===== Provided data =====

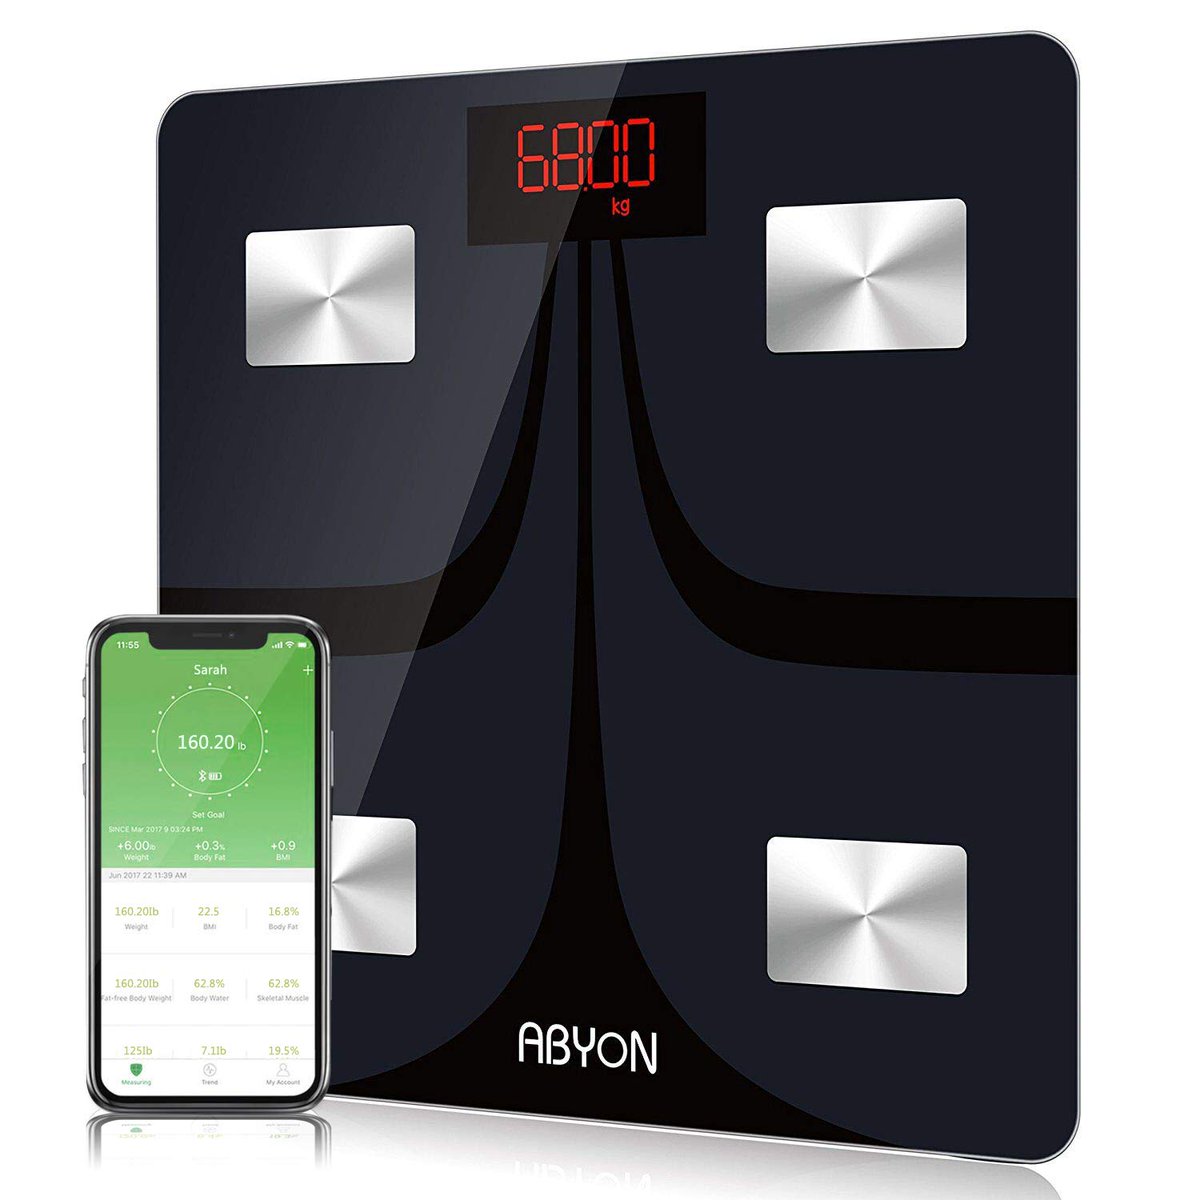 Best Bathroom Scales 
Reviews By The Wild Trend
Choose the best one bathroom scale
More InFo: thewildtrend.com/best-bathroom-…
Save you Money and time
#bathroom #bathroomscale #bathroomassesories #bathscale #scale #digitalscale #bodyfatscale #bodyscale #weightScale
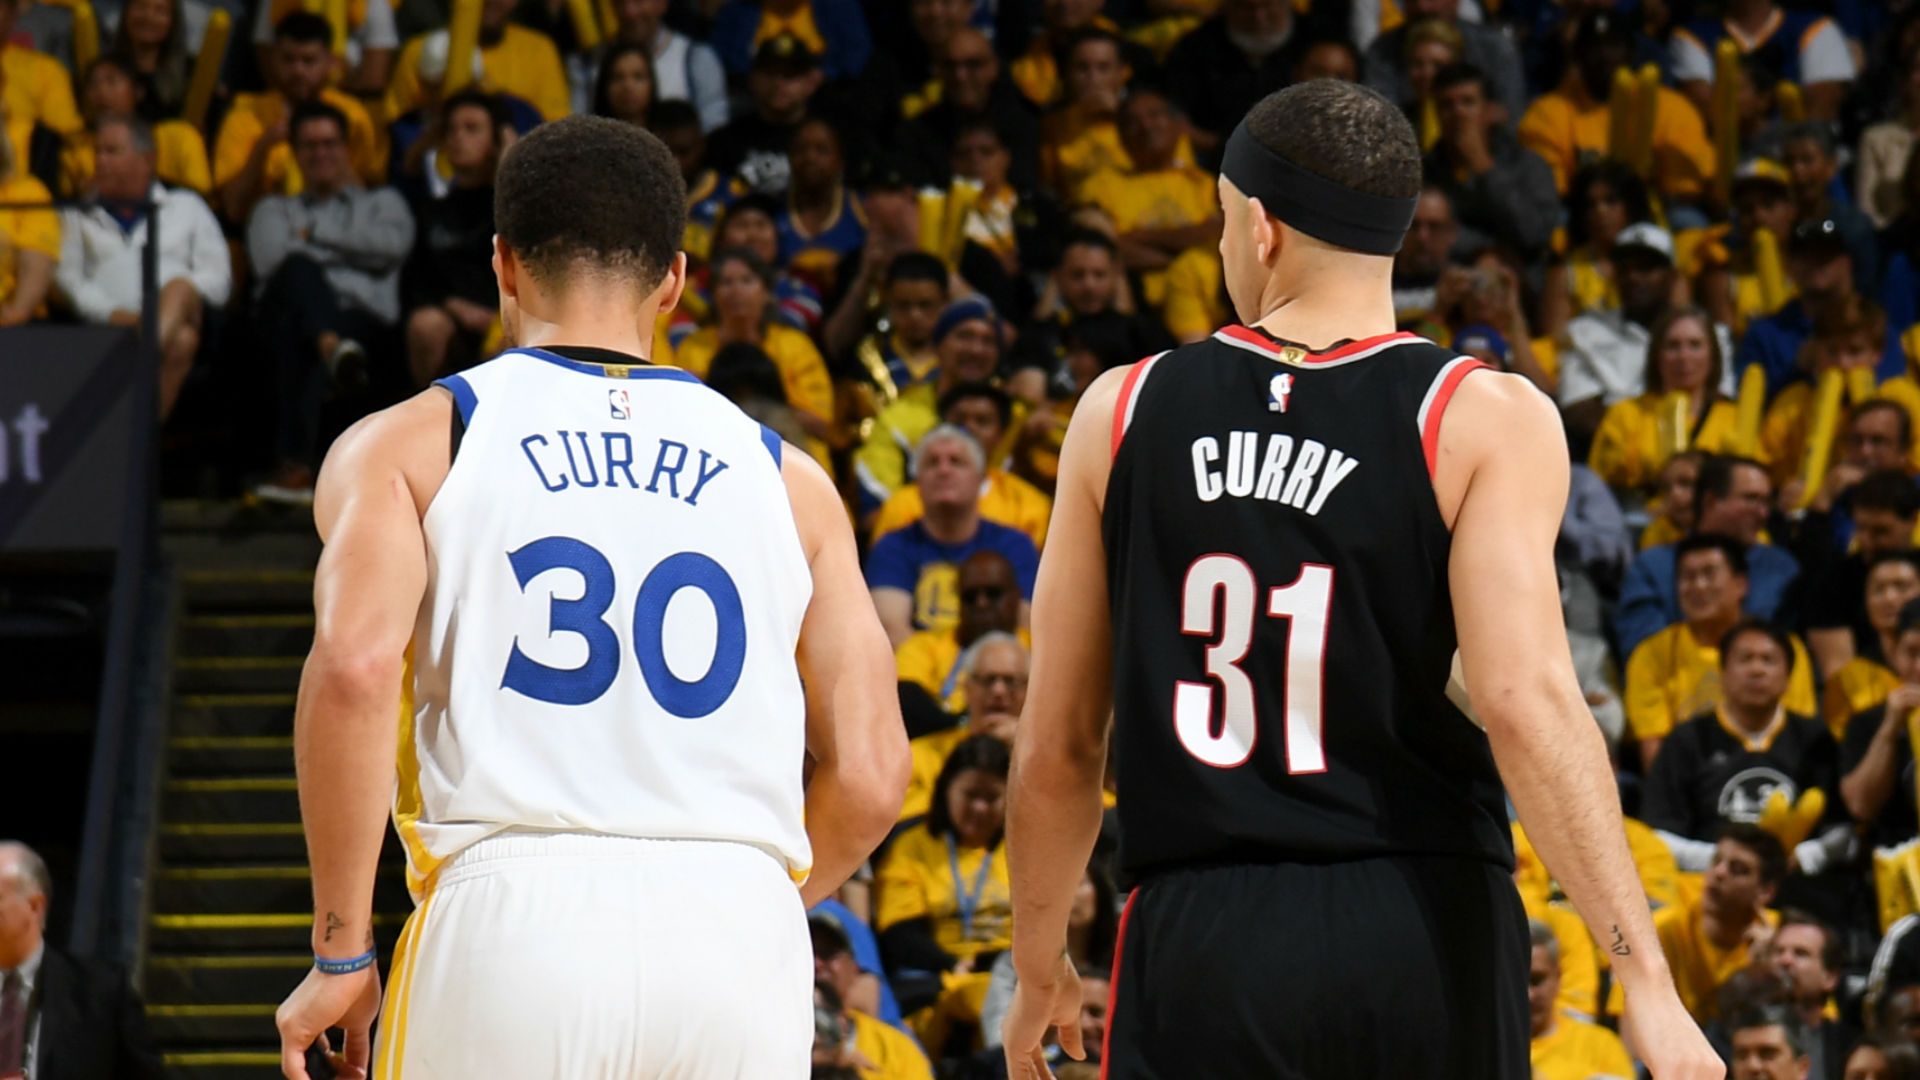 NBA Playoffs 2019: Steph Curry laughs off his parents' 'coin flip' support after taking on his brother Seth in Game 1. NBA.com India. The official site of

=====

All of the records above should be returned exactly, though the pictures should not.

 Best Bathroom Scales 
Reviews By The Wild Trend
Choose the best one bathroom scale
More InFo: thewildtrend.com/best-bathroom-…
Save you Money and time
#bathroom #bathroomscale #bathroomassesories #bathscale #scale #digitalscale #bodyfatscale #bodyscale #weightScale
 NBA Playoffs 2019: Steph Curry laughs off his parents' 'coin flip' support after taking on his brother Seth in Game 1. NBA.com India. The official site of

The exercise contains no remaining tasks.